543	   This timer expiration value can be derived as follows.  As a starting
544	   point, we consider that the reordering window has passed if the
545	   RACK.packet was sent sufficiently after the packet in question, or a
546	   sufficient time has elapsed since the RACK.packet was S/ACKed, or
547	   some combination of the two.  More precisely, RACK marks a packet as
548	   lost if the reordering window for a packet has elapsed through the
549	   sum of:

551	   1. delta in transmit time between a packet and the RACK.packet

553	   2. delta in time between RACK.ack_ts and now

555	   So we mark a packet as lost if:

557	    RACK.xmit_ts >= Packet.xmit_ts
558	           AND
559	    (RACK.xmit_ts - Packet.xmit_ts) + (now - RACK.ack_ts) >= RACK.reo_wnd

561	   If we solve this second condition for "now", the moment at which we
562	   can declare a packet lost, then we get:

564	   now >= Packet.xmit_ts + RACK.reo_wnd + (RACK.ack_ts - RACK.xmit_ts)

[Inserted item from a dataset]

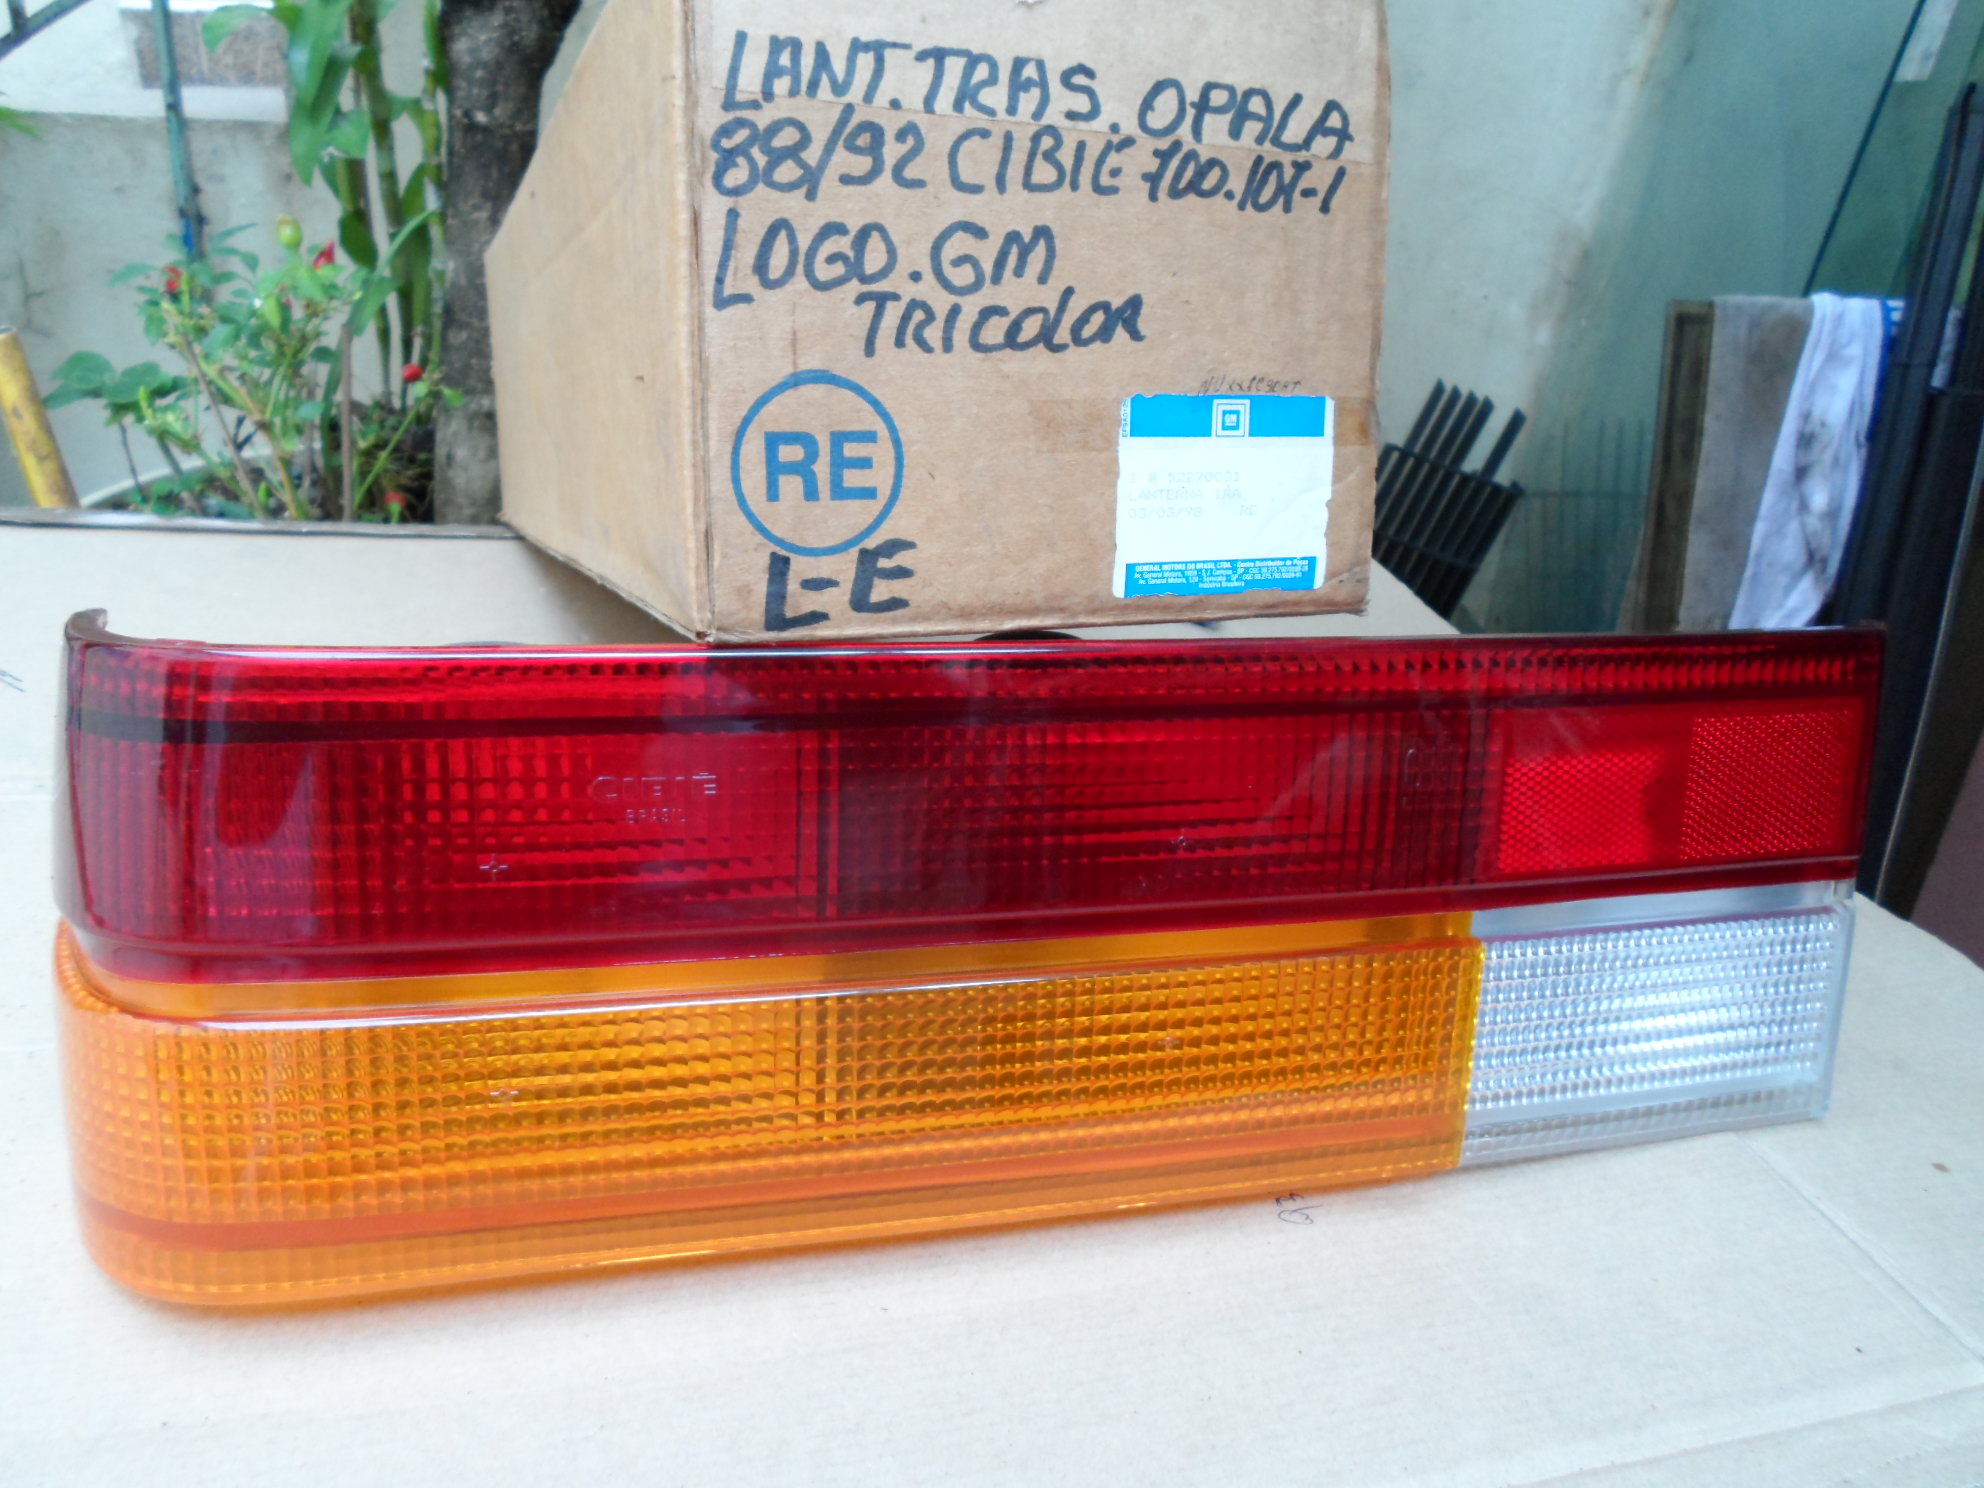 Lanterna Tricolor traseira L/esq Original Gm Cibie Opala 88/92 logo GM Lente

566	   Then (RACK.ack_ts - RACK.xmit_ts) is the RTT of the packet the sender
567	   used to set RACK.xmit_ts: the round trip time of the most recently
568	   (re)transmitted packet that's been delivered.  To be more robust to
569	   reordering, RACK uses a more conservative RTT value to decide if an
570	   unacknowledged packet should be considered lost, RACK.rtt: the round
571	   trip time of the most recently delivered packet on the connection
572	   that was not marked invalid as a possible spurious retransmission.

574	   When packets are delivered in order, the most recently
575	   (re)transmitted packet that's been delivered is also the most
576	   recently delivered, hence RACK.rtt == RACK.ack_ts - RACK.xmit_ts.
577	   But if packets were reordered, then the packet delivered most
578	   recently was sent before the most recently (re)transmitted packet.
579	   Hence RACK.rtt > (RACK.ack_ts - RACK.xmit_ts).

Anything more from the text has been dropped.